In this article, we will see how to create a data structure that can handle multiple stacks with growable size. The data structure needs to handle three operations:

  • push(x, stackNum) = pushes value x to the stack numbered stackNum
  • pop(stackNum) = pop the top element from the stack numbered stackNum
  • top(stackNum) = shows the topmost element of the stack stackNum.

Example:

Suppose the given multi stack is [{1, 2}, {4, 6}, {9, 10}]

Input: push(3, 0), top(0)
push(7, 1), top(1)
pop(2), top(2)

Output: 3, 7, 9

Explanation: When 3 is pushed in stack 0, the stack becomes {1, 2, 3}. So the top element is 3. 
When 7 is pushed in stack 1, the stack becomes {4, 6, 7}. So the top element is 7.
When topmost element is popped from stack 2, the stack becomes {9}. So the topmost element is 9

 

Approach: Follow the approach mentioned below to implement the idea. 

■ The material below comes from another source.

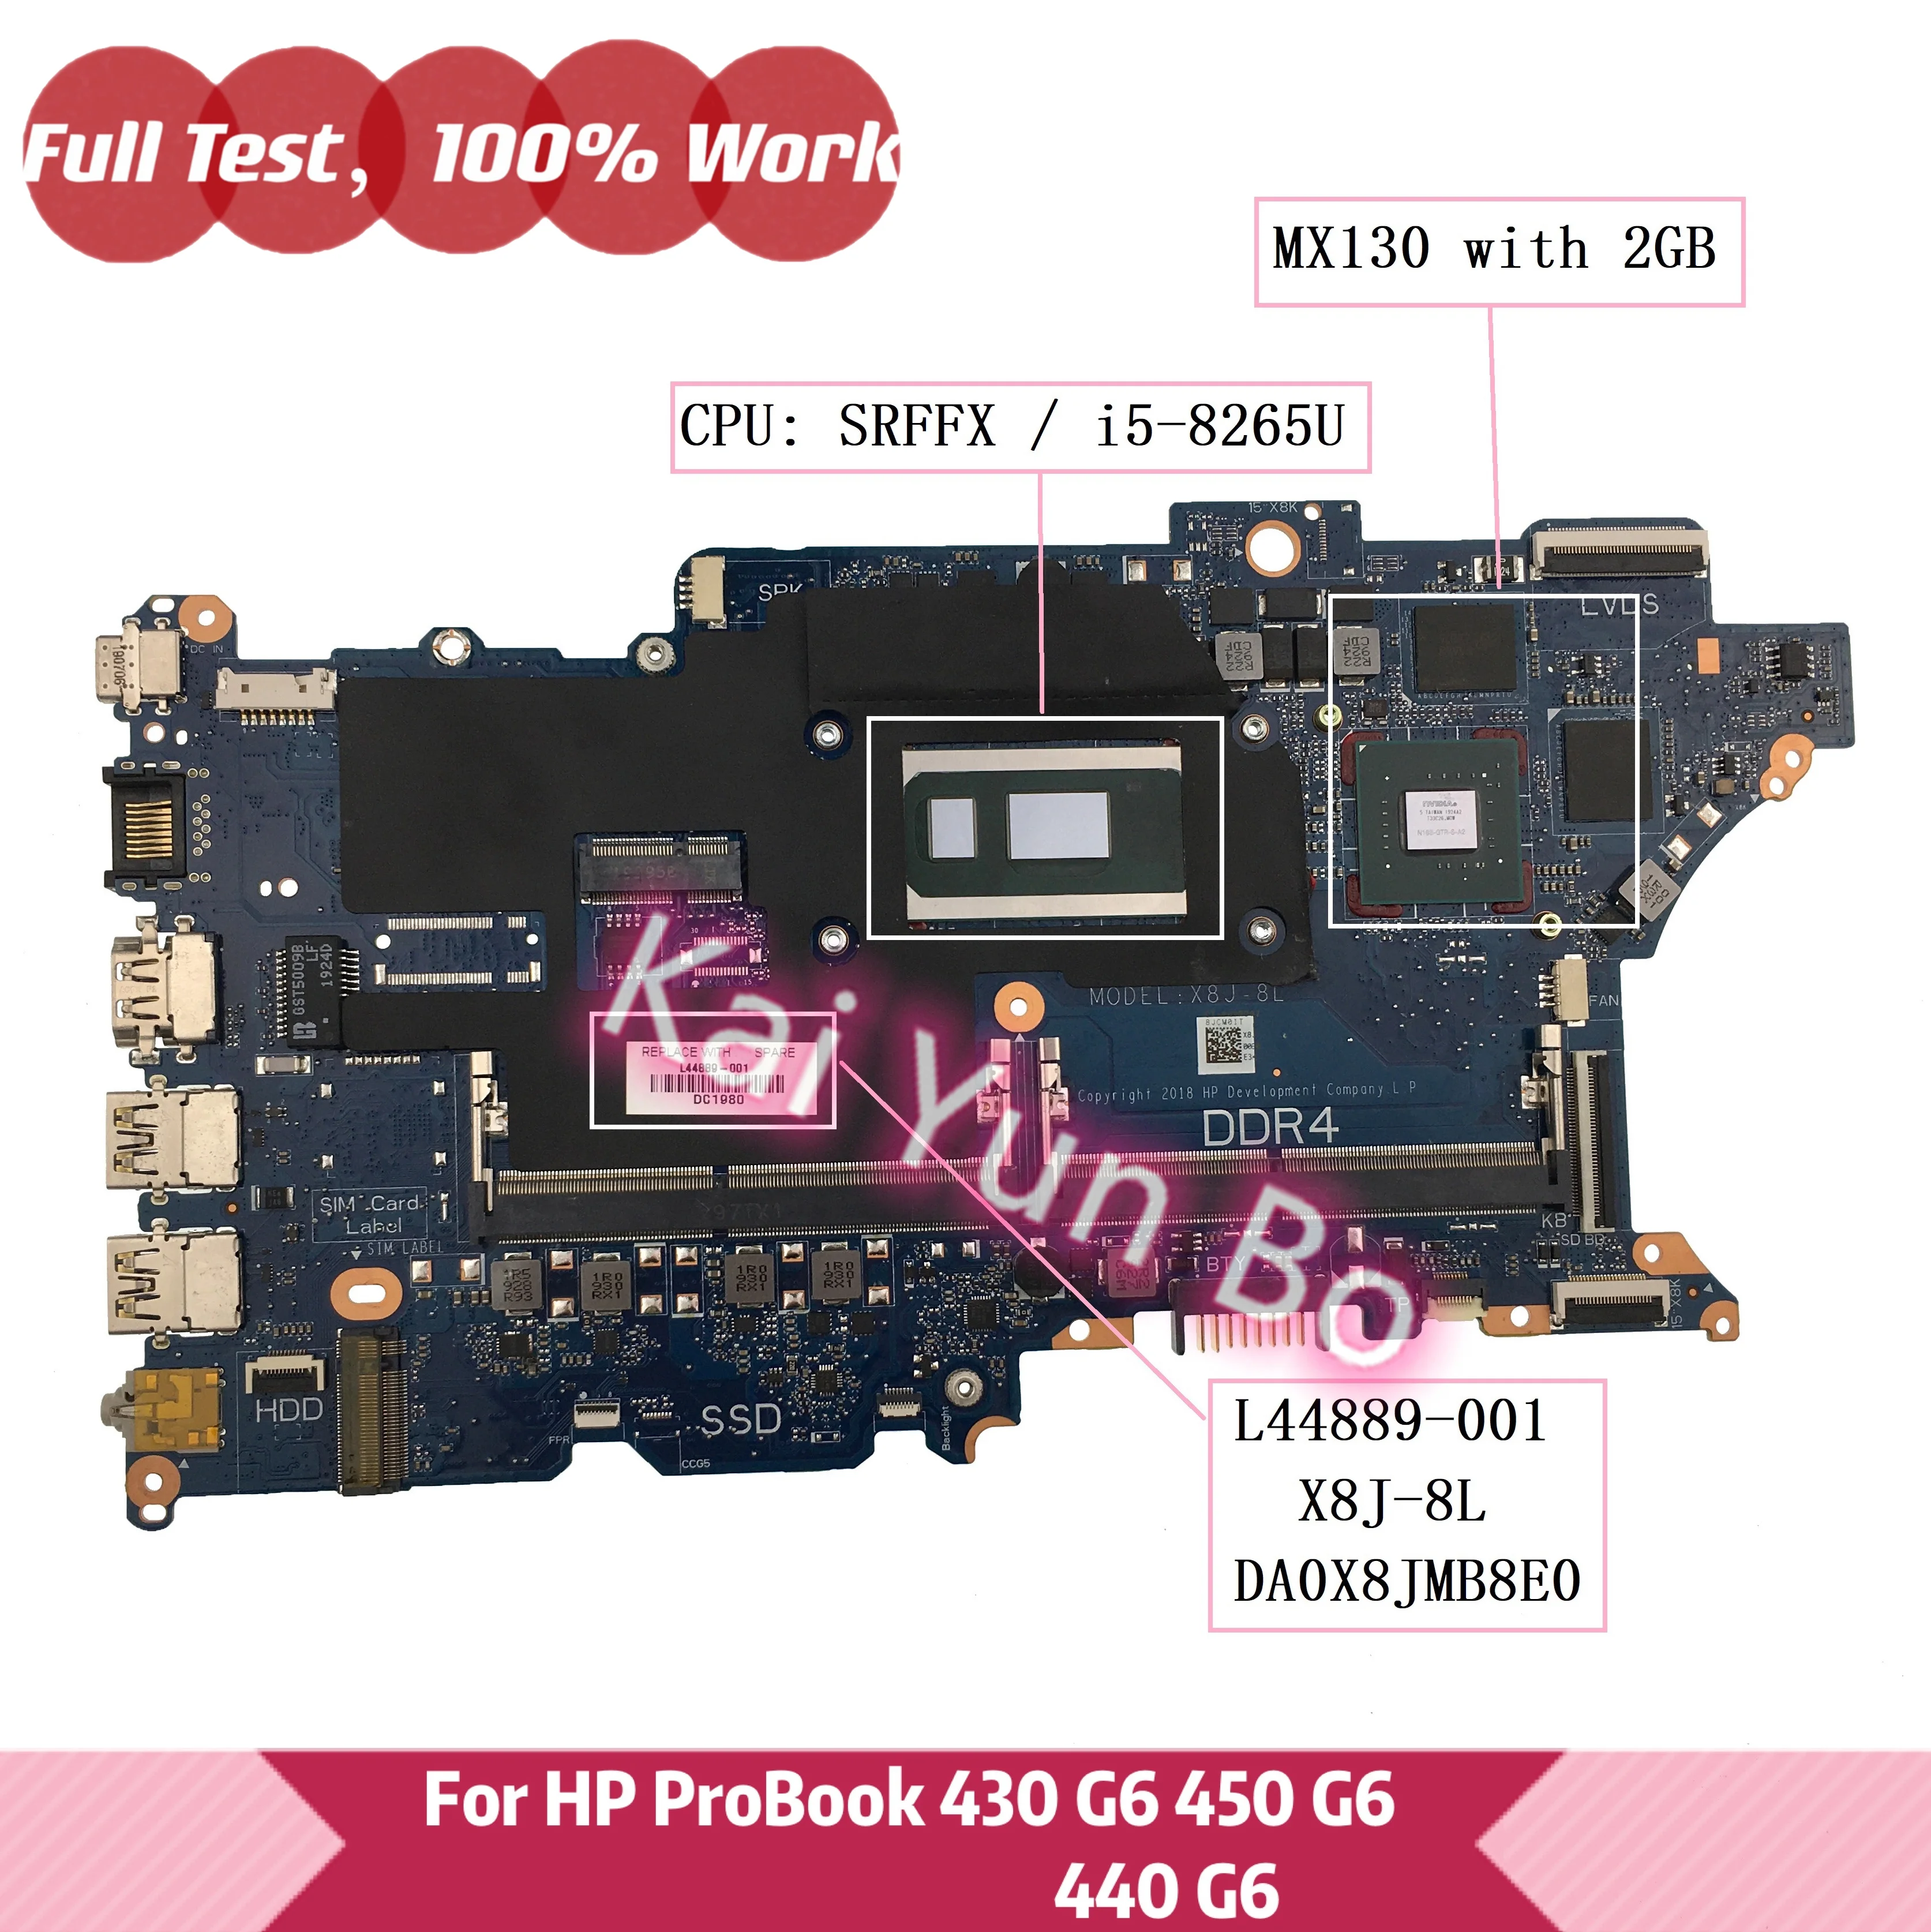 

L44889-601 For HP ProBook 430 G6 440 G6 450 G6 Laptop Motherboard DA0X8JMB8E0 X8J-8L L44889-001 With i5-8265U CPU MX130 2GB GPU

  • Store the size and the top index of every stack in arrays sizes[] and topIndex[].
  • The sizes will be stored in a prefix sum array (using a prefix array sum will help us find the start/size of a stack in O(1) time)
  • If the size of a stack reaches the maximum reserved capacity, expand the reserved size (multiply by 2)
  • If the size of a stack gets down to a quarter of the reserved size shrink the reserved size (divide it by 2)
  • Every time we need to expand/shrink a stack in the data structure, the indexes of other stacks might change so we need to take care of that. That is taken care by incrementing/decrementing value of sizes[] and topIndex[] arrays (we can do that in O(number of stacks) time).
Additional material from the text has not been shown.